We’re going to go over the recent hedge fund action encompassing AFLAC Incorporated (NYSE:AFL).

What have hedge funds been doing with AFLAC Incorporated (NYSE:AFL)?

At the end of the fourth quarter, a total of 27 of the hedge funds tracked by Insider Monkey were long this stock, a change of -7% from one quarter earlier. By comparison, 25 hedge funds held shares or bullish call options in AFL a year ago. With hedgies’ positions undergoing their usual ebb and flow, there exists an “upper tier” of noteworthy hedge fund managers who were boosting their holdings significantly (or already accumulated large positions).


More specifically, AQR Capital Management was the largest shareholder of AFLAC Incorporated (NYSE:AFL), with a stake worth $514.6 million reported as of the end of September.
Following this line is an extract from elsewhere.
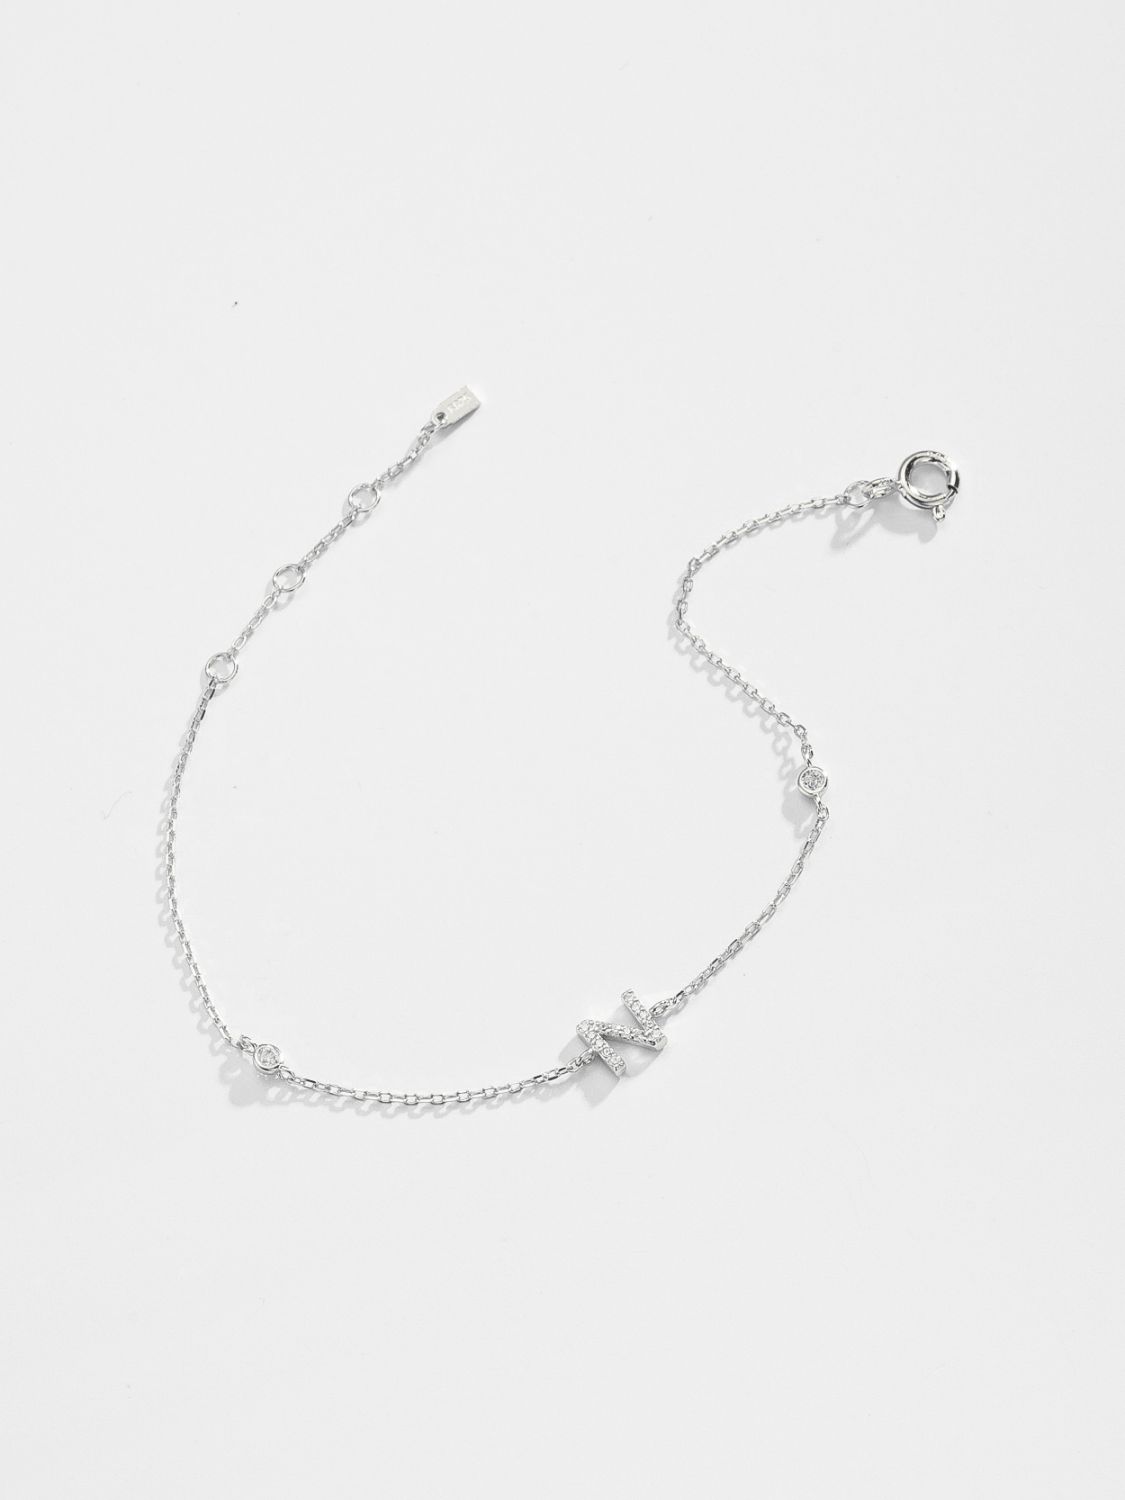 L To P Zircon 925 Sterling Silver Bracelet - Women’s Jewelry - Bracelets - 17 - 2024

Trailing AQR Capital Management was Balyasny Asset Management, which amassed a stake valued at $83 million. Ariel Investments, Citadel Investment Group, and Adage Capital Management were also very fond of the stock, giving the stock large weights in their portfolios.
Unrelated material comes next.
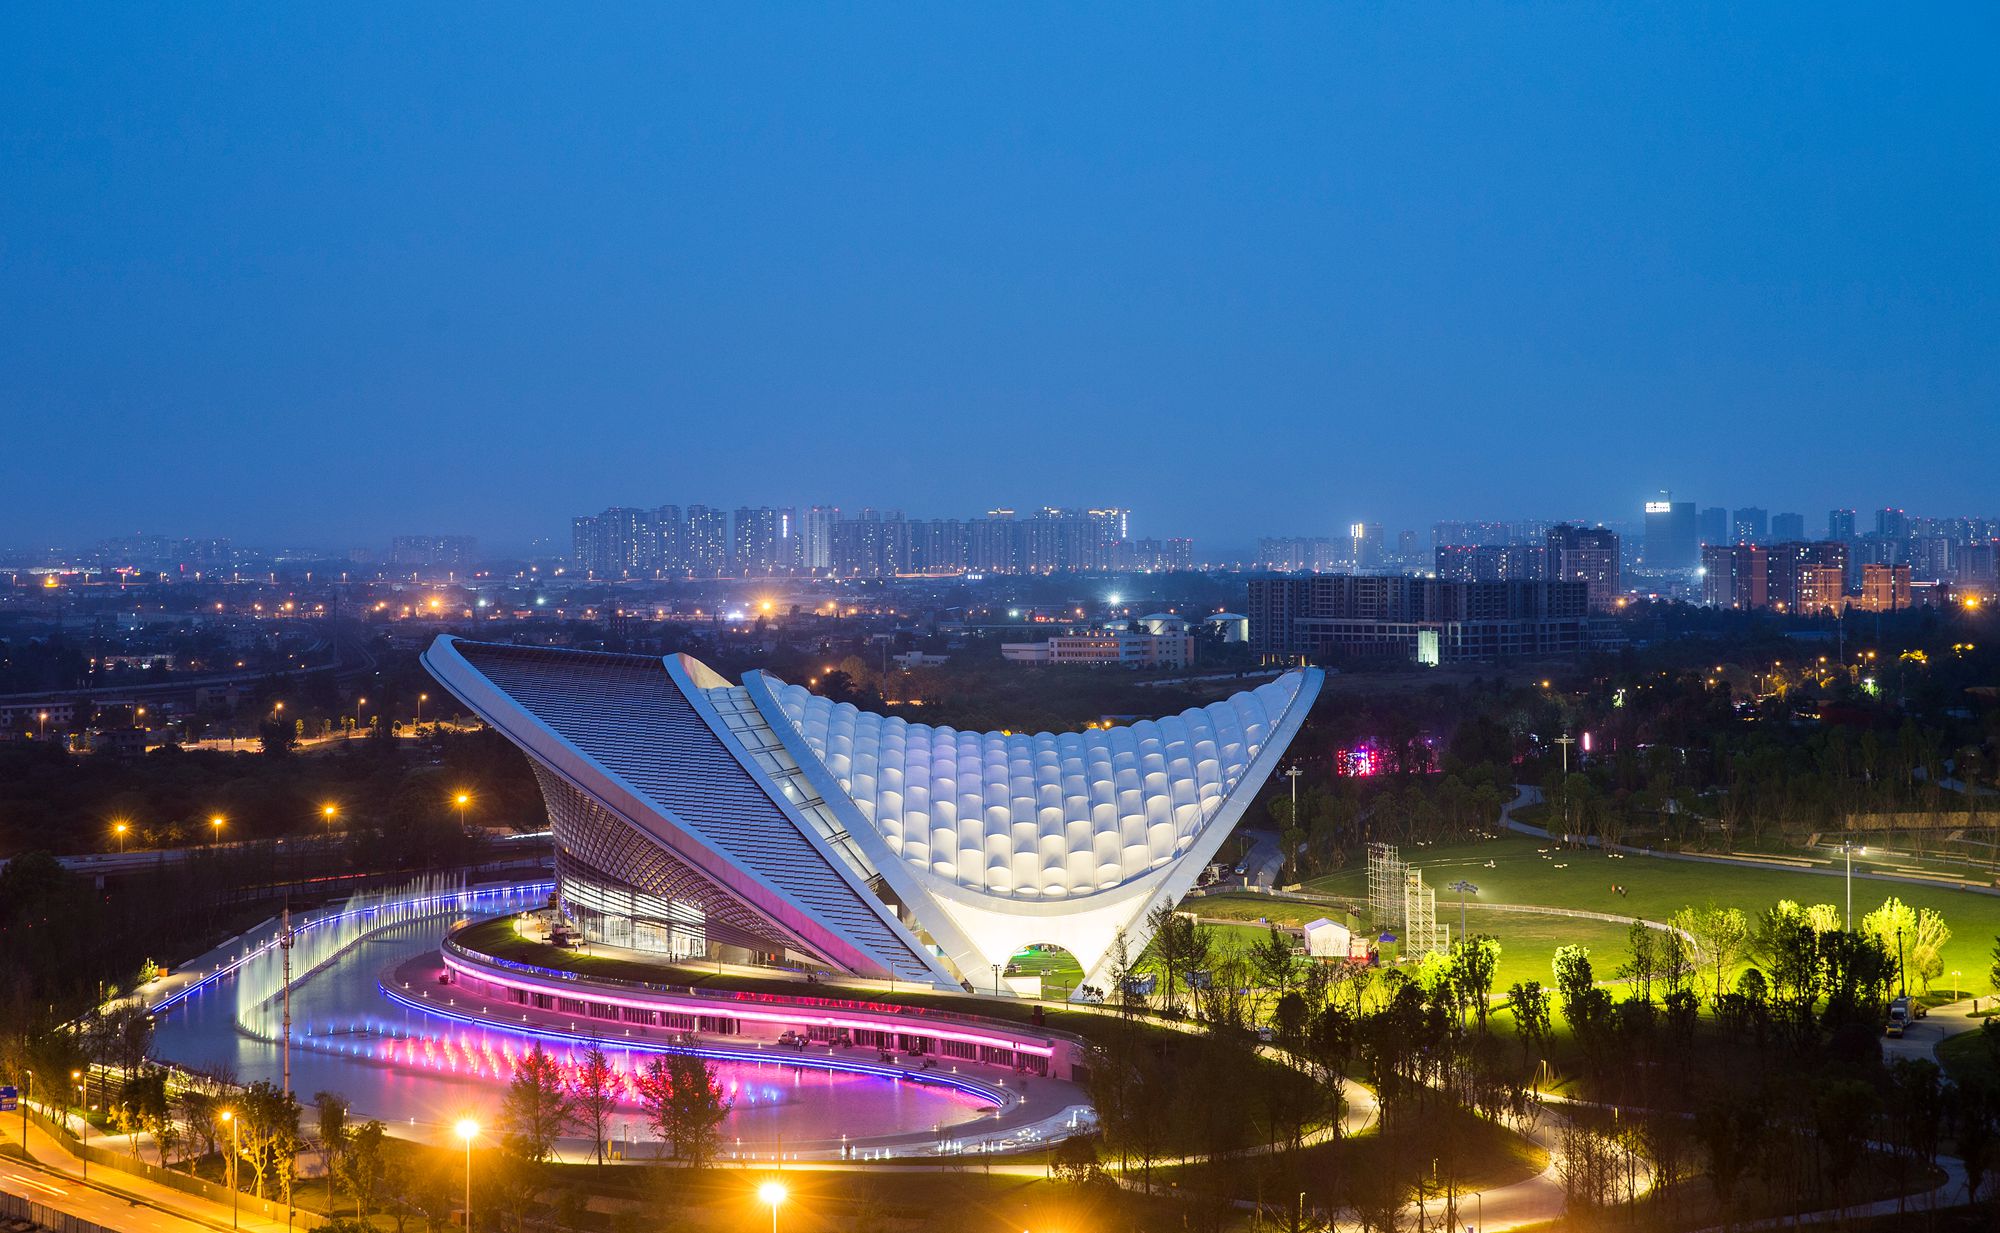 成都露天音乐公园：项目是中国唯一一座以露天音乐广场为主题的地标性城市公园，占地592亩、39.5万平方米，可以容纳4.7万人。_副本.jpg

Seeing as AFLAC Incorporated (NYSE:AFL) has faced declining sentiment from the smart money, we can see that there exists a select few fund managers who sold off their full holdings by the end of the third quarter. Interestingly, Peter Rathjens, Bruce Clarke and John Campbell’s Arrowstreet Capital sold off the largest investment of the “upper crust” of funds followed by Insider Monkey, totaling close to $34.7 million in stock, and Jim Simons’s Renaissance Technologies was right behind this move, as the fund said goodbye to about $12.4 million worth. These transactions are important to note, as aggregate hedge fund interest dropped by 2 funds by the end of the third quarter.
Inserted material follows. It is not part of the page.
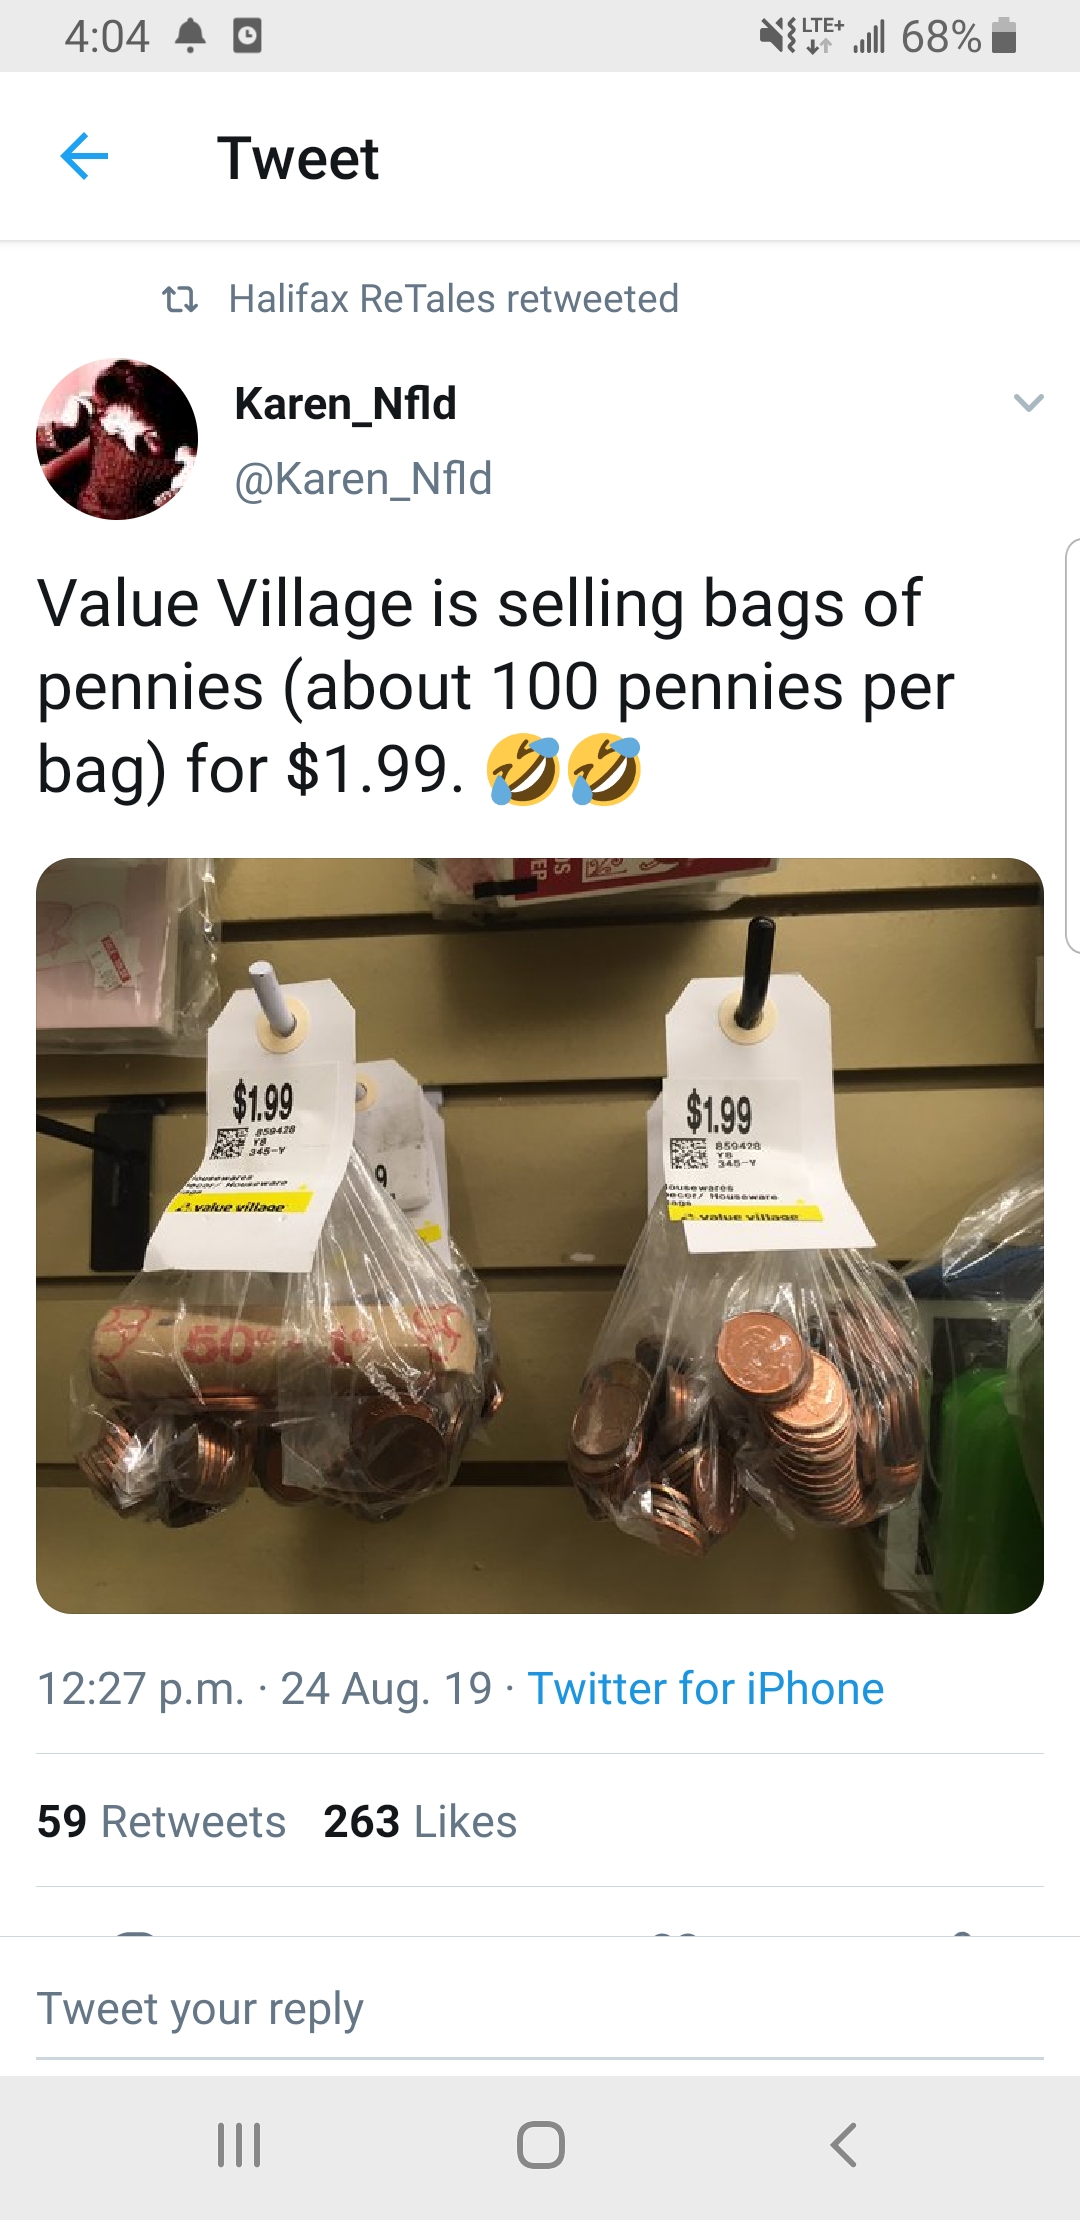 website - 40 9.68% Tweet 11 Halifax ReTales retweeted Karen_Nfld Value Village is selling bags of pennies about 100 pennies per bag for $1.99. 5 . . 24 Aug 19. Twitter for iPhone 59 263 Tweet your

Let’s go over hedge fund activity in other stocks similar to AFLAC Incorporated (NYSE:AFL). We will take a look at Energy Transfer L.P. (NYSE:ET), Target Corporation (NYSE:TGT), Delta Air Lines, Inc. (NYSE:DAL), and Kinder Morgan Inc (NYSE:KMI). This group of stocks’ market valuations match AFL’s market valuation.

Ticker No of HFs with positions Total Value of HF Positions (x1000) Change in HF Position
ET 30 741381 8
TGT 40 1209924 -2
DAL 73 6625539 6
KMI 48 1658607 -2
Average 47.75 2558863 2.5

View table here if you experience formatting issues.

As you can see these stocks had an average of 47.75 hedge funds with bullish positions and the average amount invested in these stocks was $2559 million. That figure was $862 million in AFL’s case. Delta Air Lines, Inc. (NYSE:DAL) is the most popular stock in this table. On the other hand Energy Transfer L.P. (NYSE:ET) is the least popular one with only 30 bullish hedge fund positions. Compared to these stocks AFLAC Incorporated (NYSE:AFL) is even less popular than ET. Considering that hedge funds aren’t fond of this stock in relation to other companies analyzed in this article, it may be a good idea to analyze it in detail and understand why the smart money for the most part isn’t behind this stock. Our calculations showed that top 15 most popular stocks among hedge funds returned 19.7% through March 15th and outperformed the S&P 500 ETF (SPY) by 6.6 percentage points. Unfortunately AFL wasn’t in this group. Hedge funds that bet on AFL were disappointed as the stock returned 10.2% and underperformed the market. If you are interested in investing in large cap stocks, you should check out the top 15 hedge fund stocks as 13 of these outperformed the market.